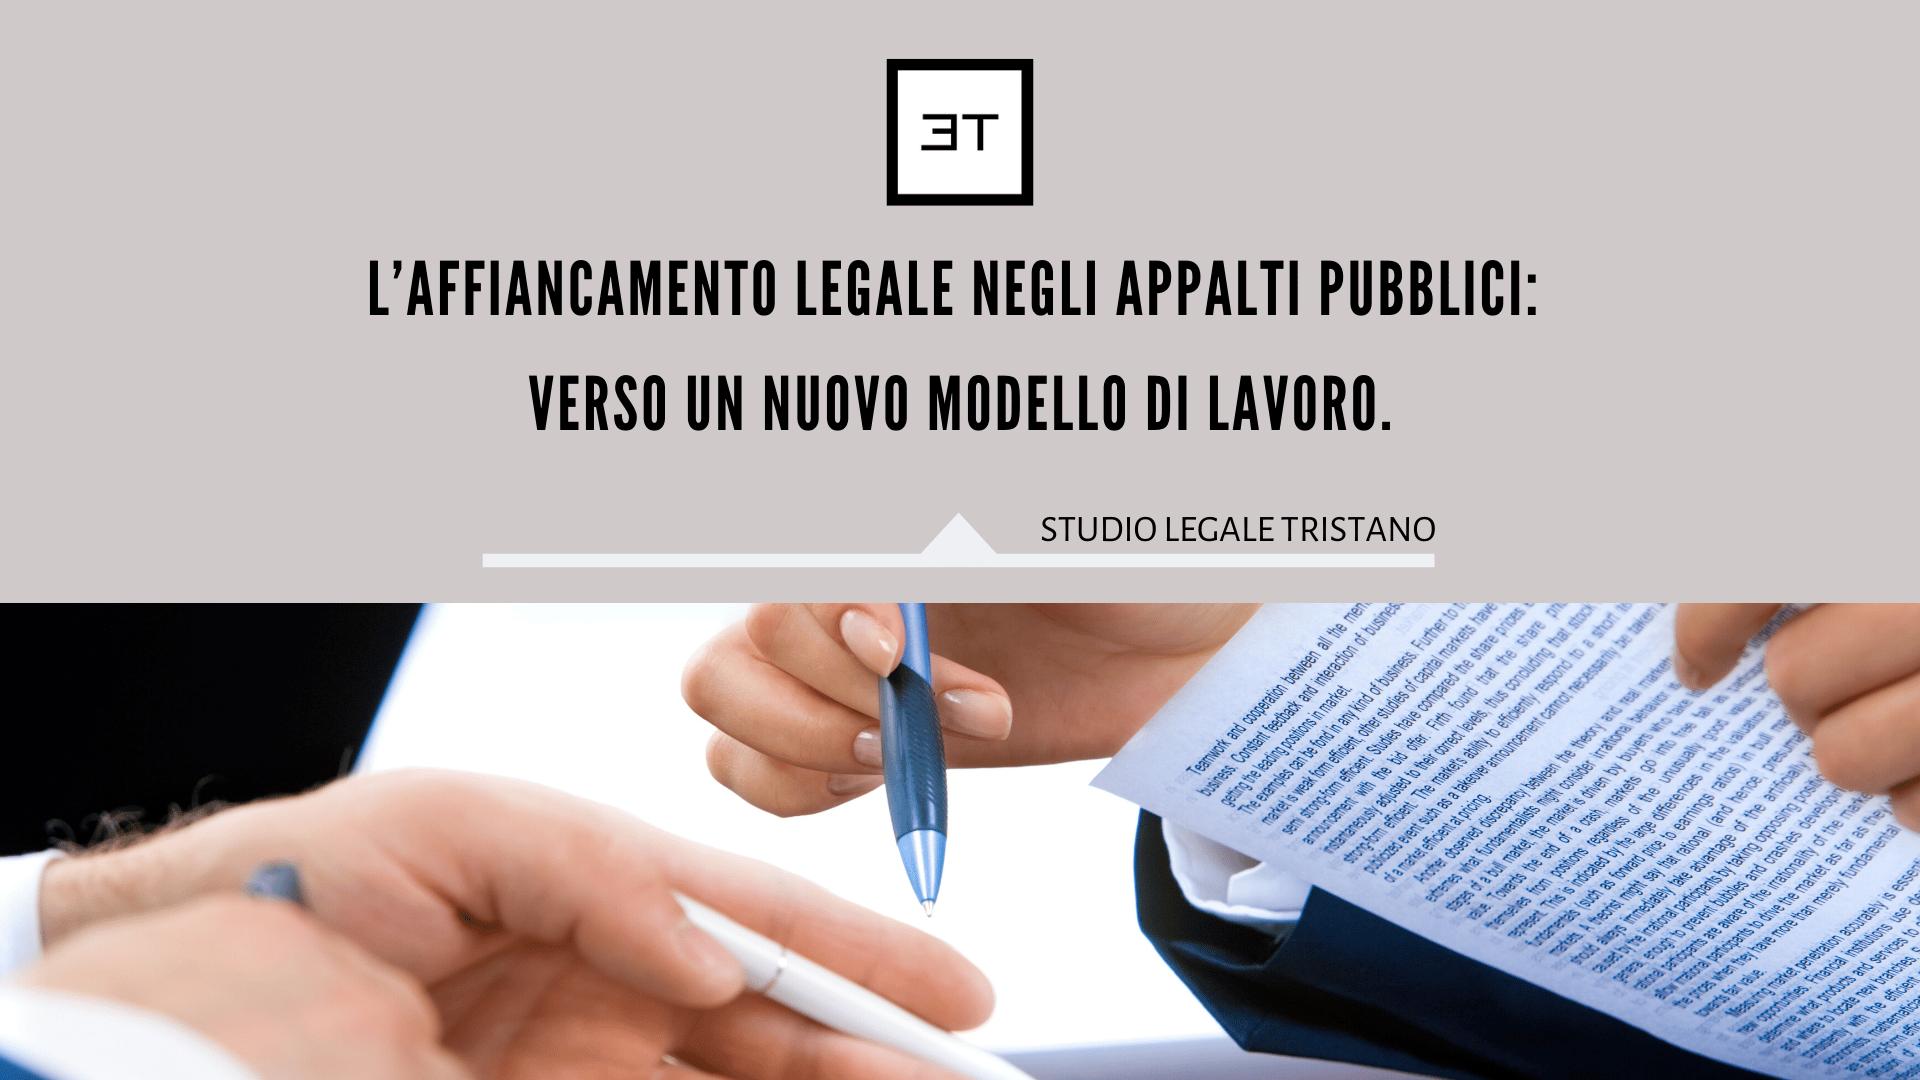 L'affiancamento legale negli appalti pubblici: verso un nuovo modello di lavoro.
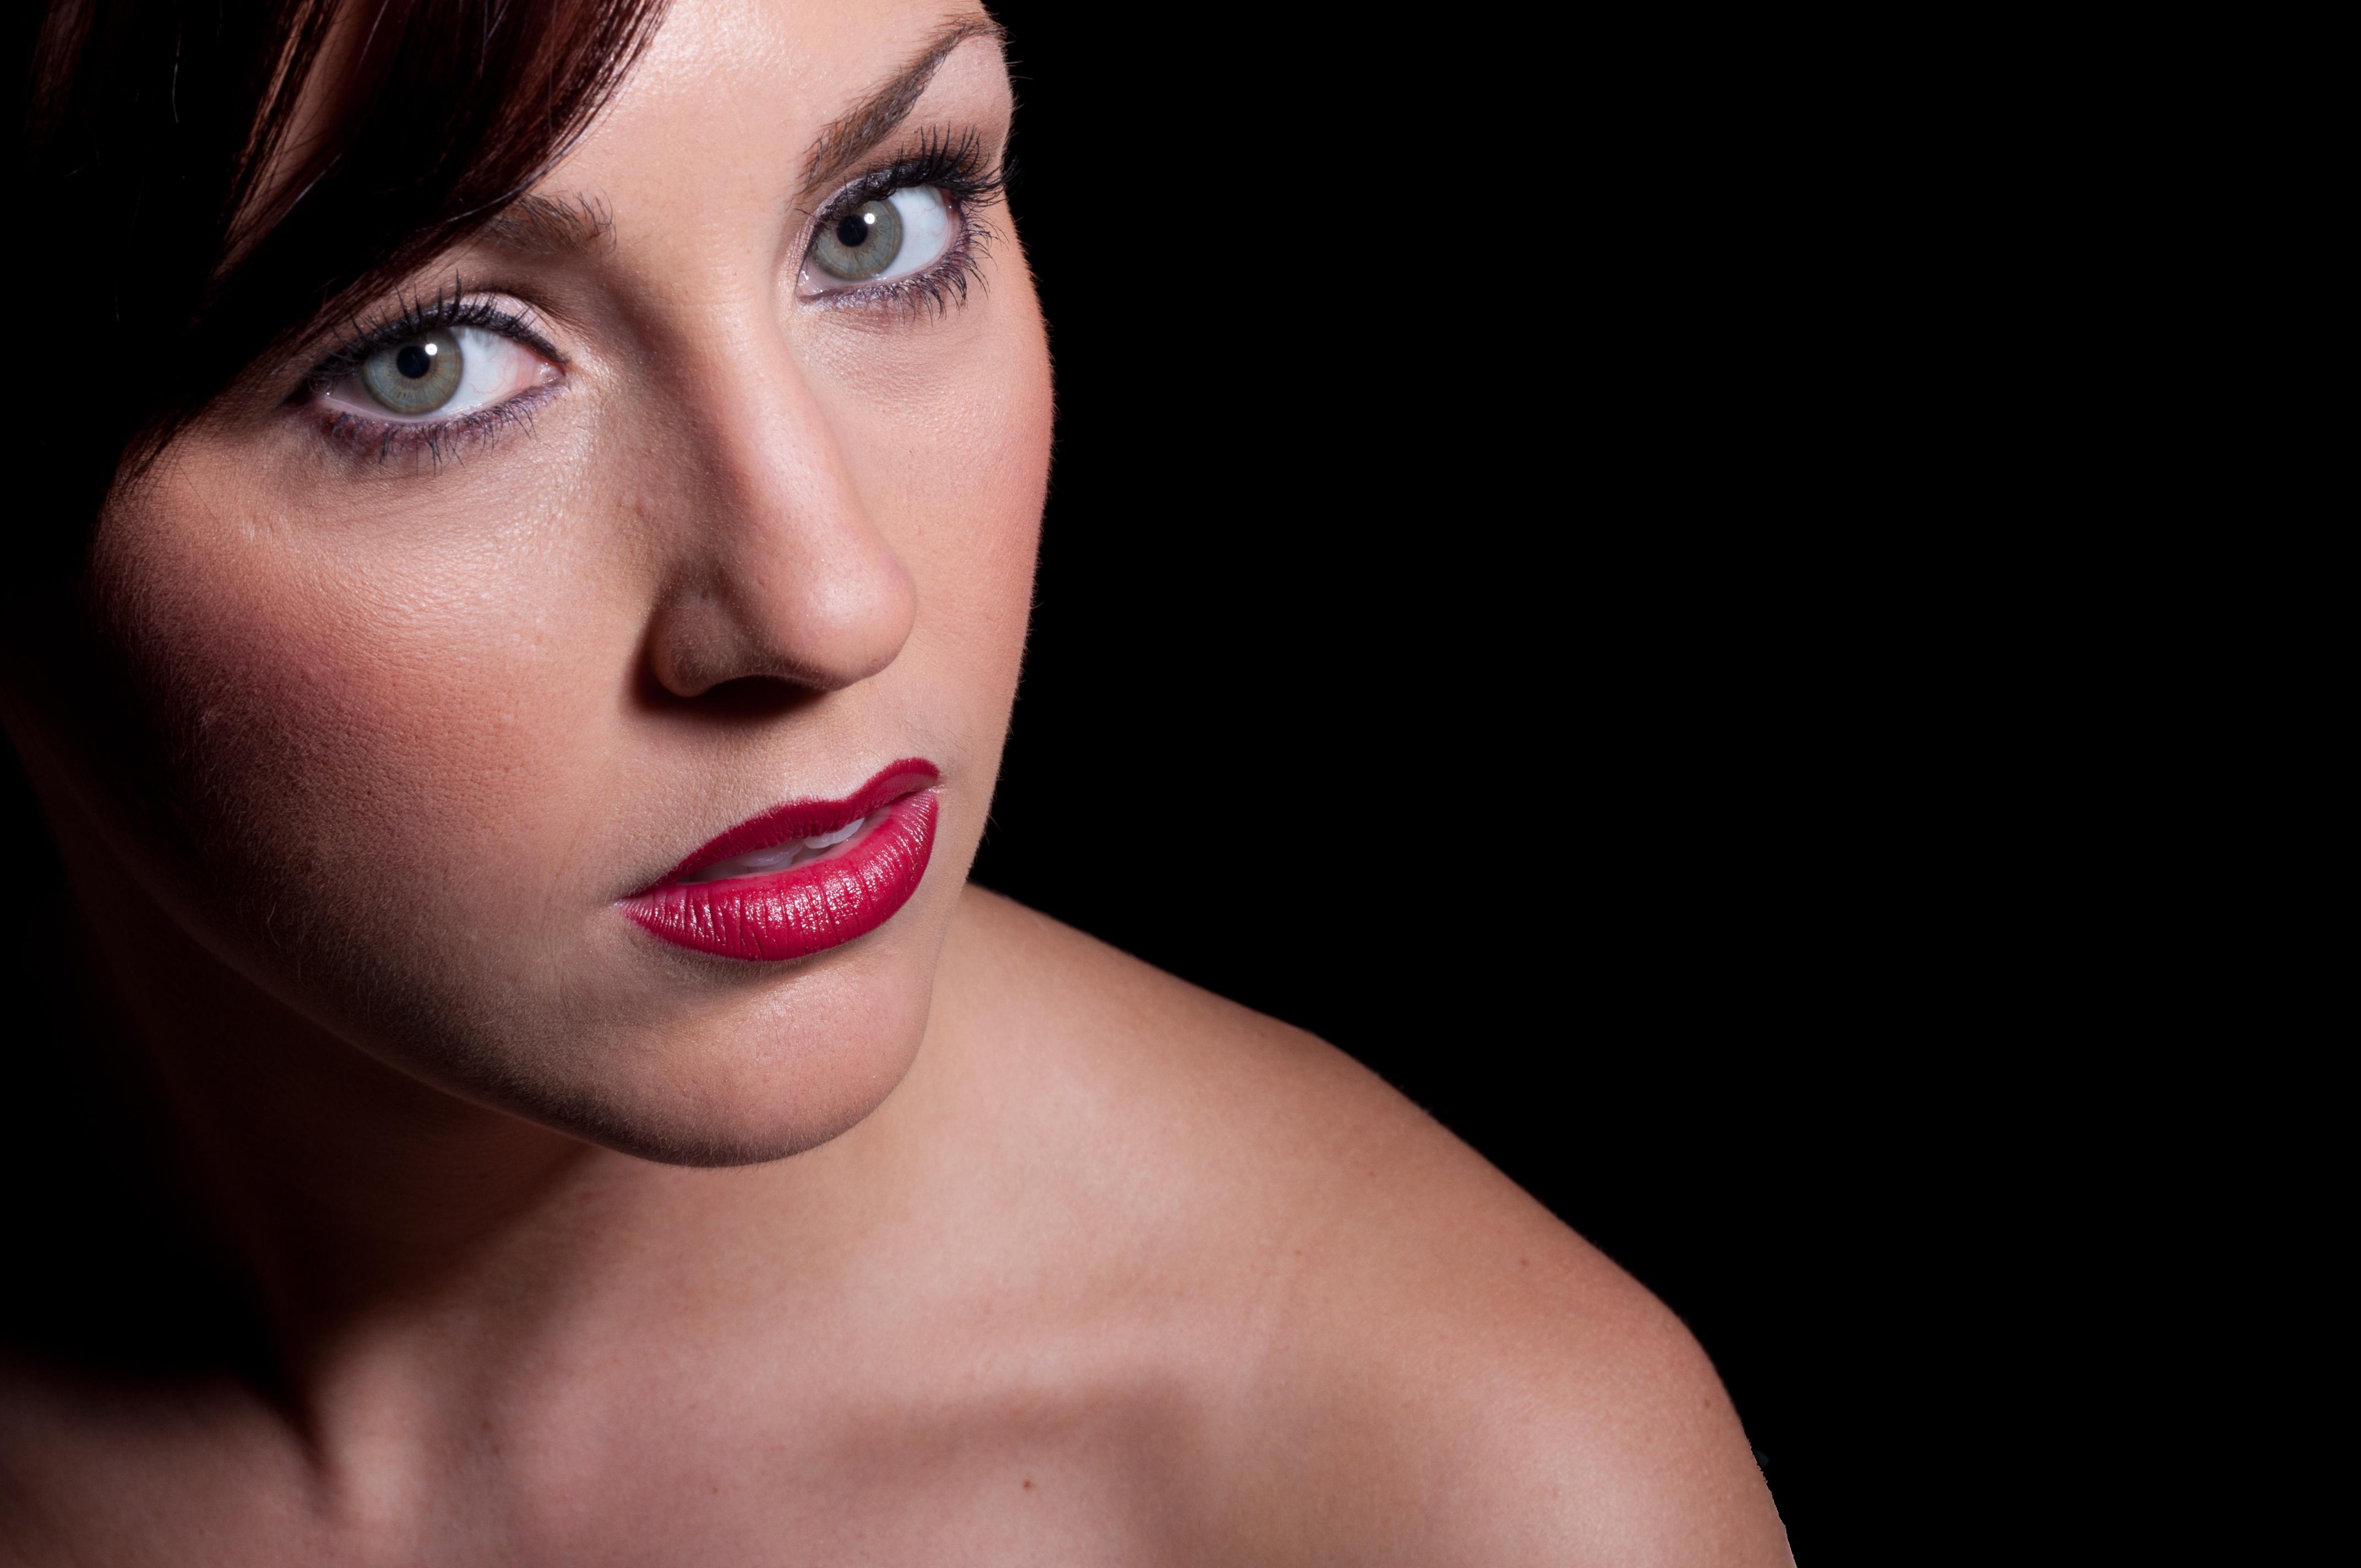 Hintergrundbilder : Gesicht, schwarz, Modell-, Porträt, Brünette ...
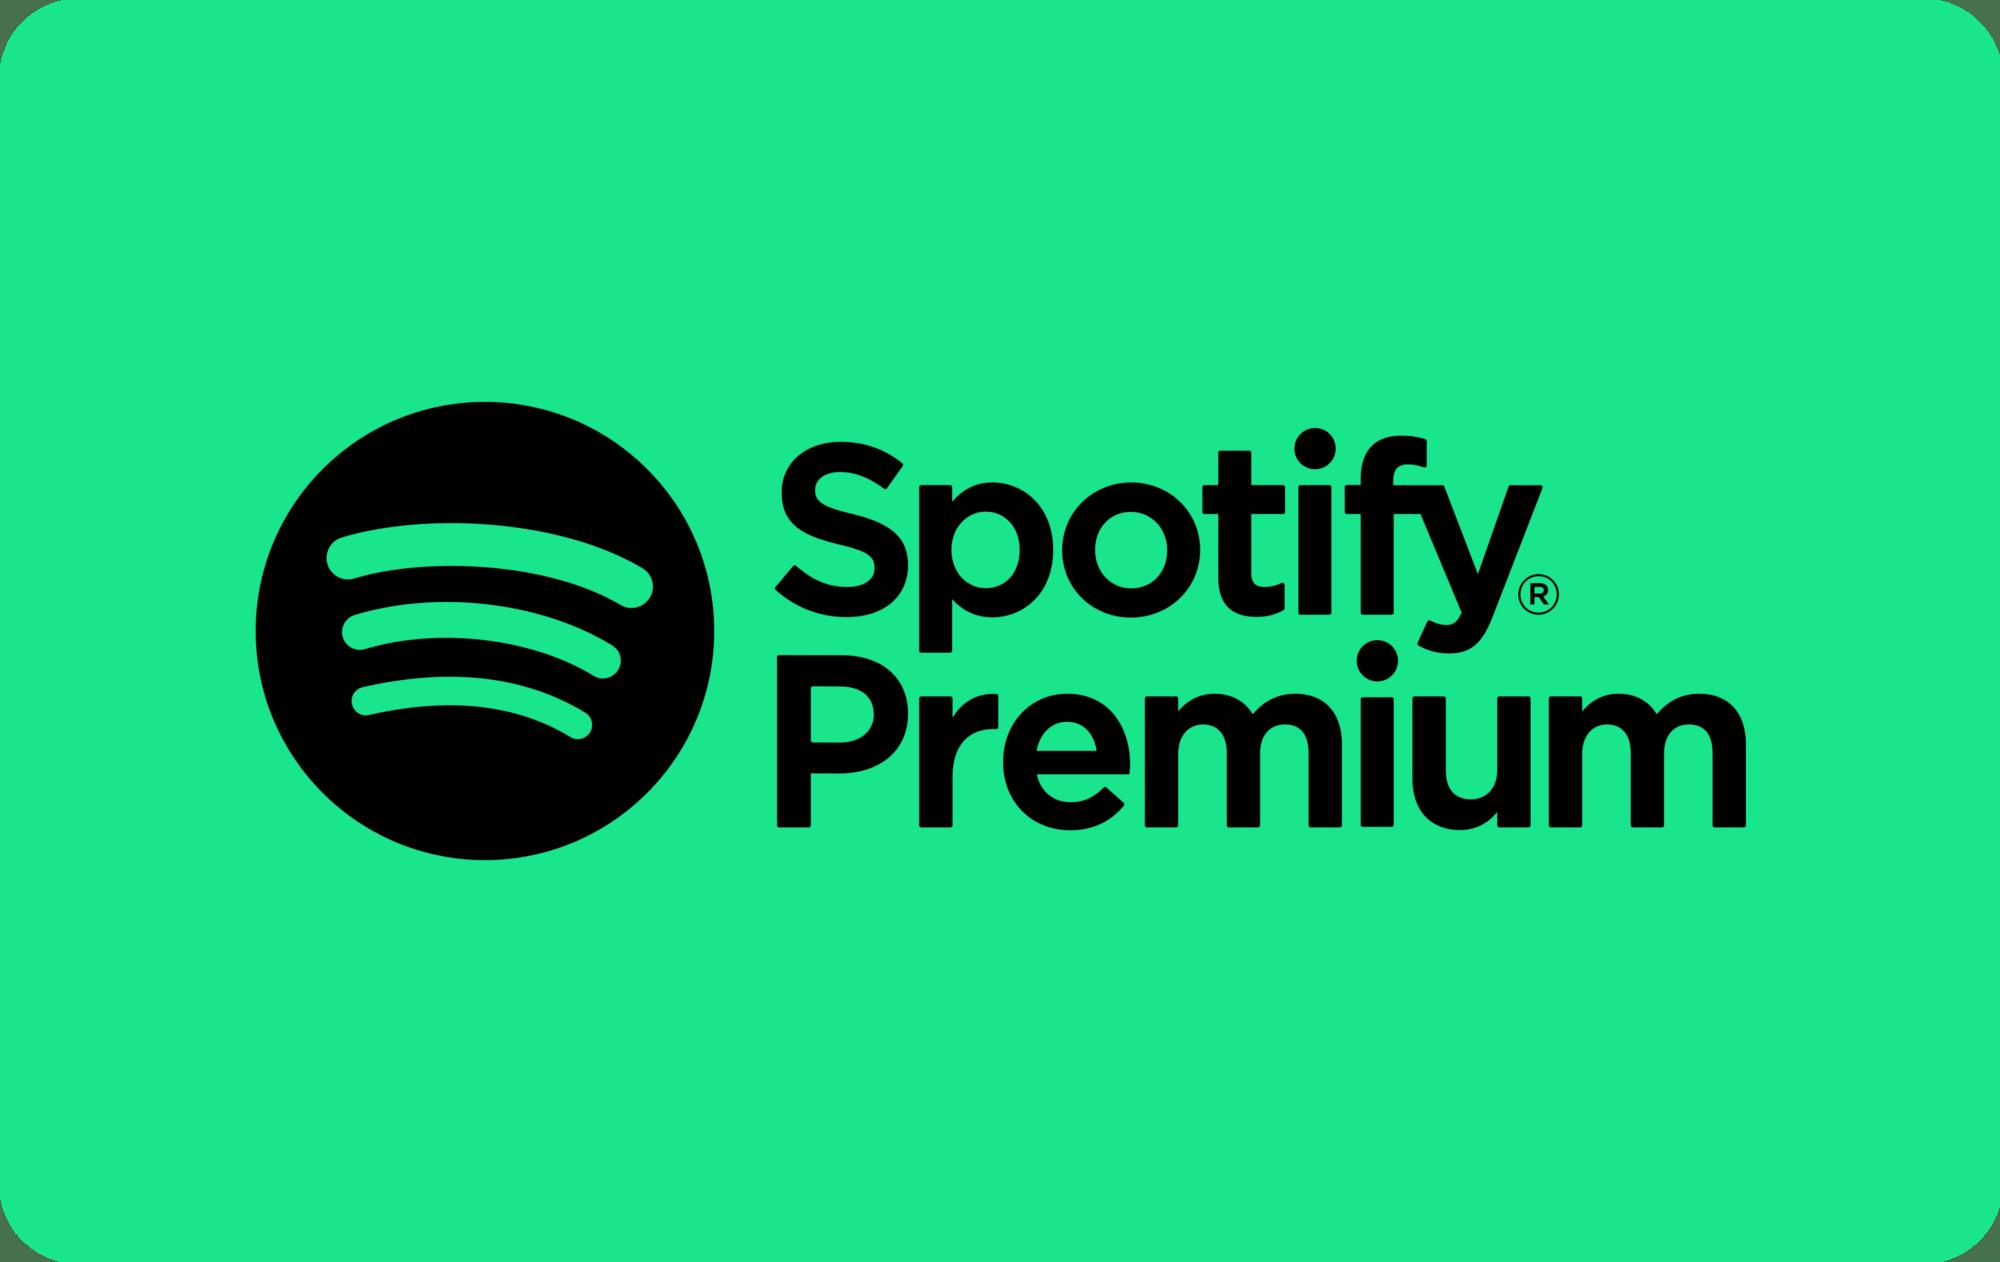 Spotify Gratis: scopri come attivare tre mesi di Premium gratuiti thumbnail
++++++
## What needs to be done
Print the whole listing exactly, please, and keep any images out of it.

## Answer space
 L'affiancamento legale negli appalti pubblici: verso un nuovo modello di lavoro.
 Hintergrundbilder : Gesicht, schwarz, Modell-, Porträt, Brünette ...
 Spotify Gratis: scopri come attivare tre mesi di Premium gratuiti thumbnail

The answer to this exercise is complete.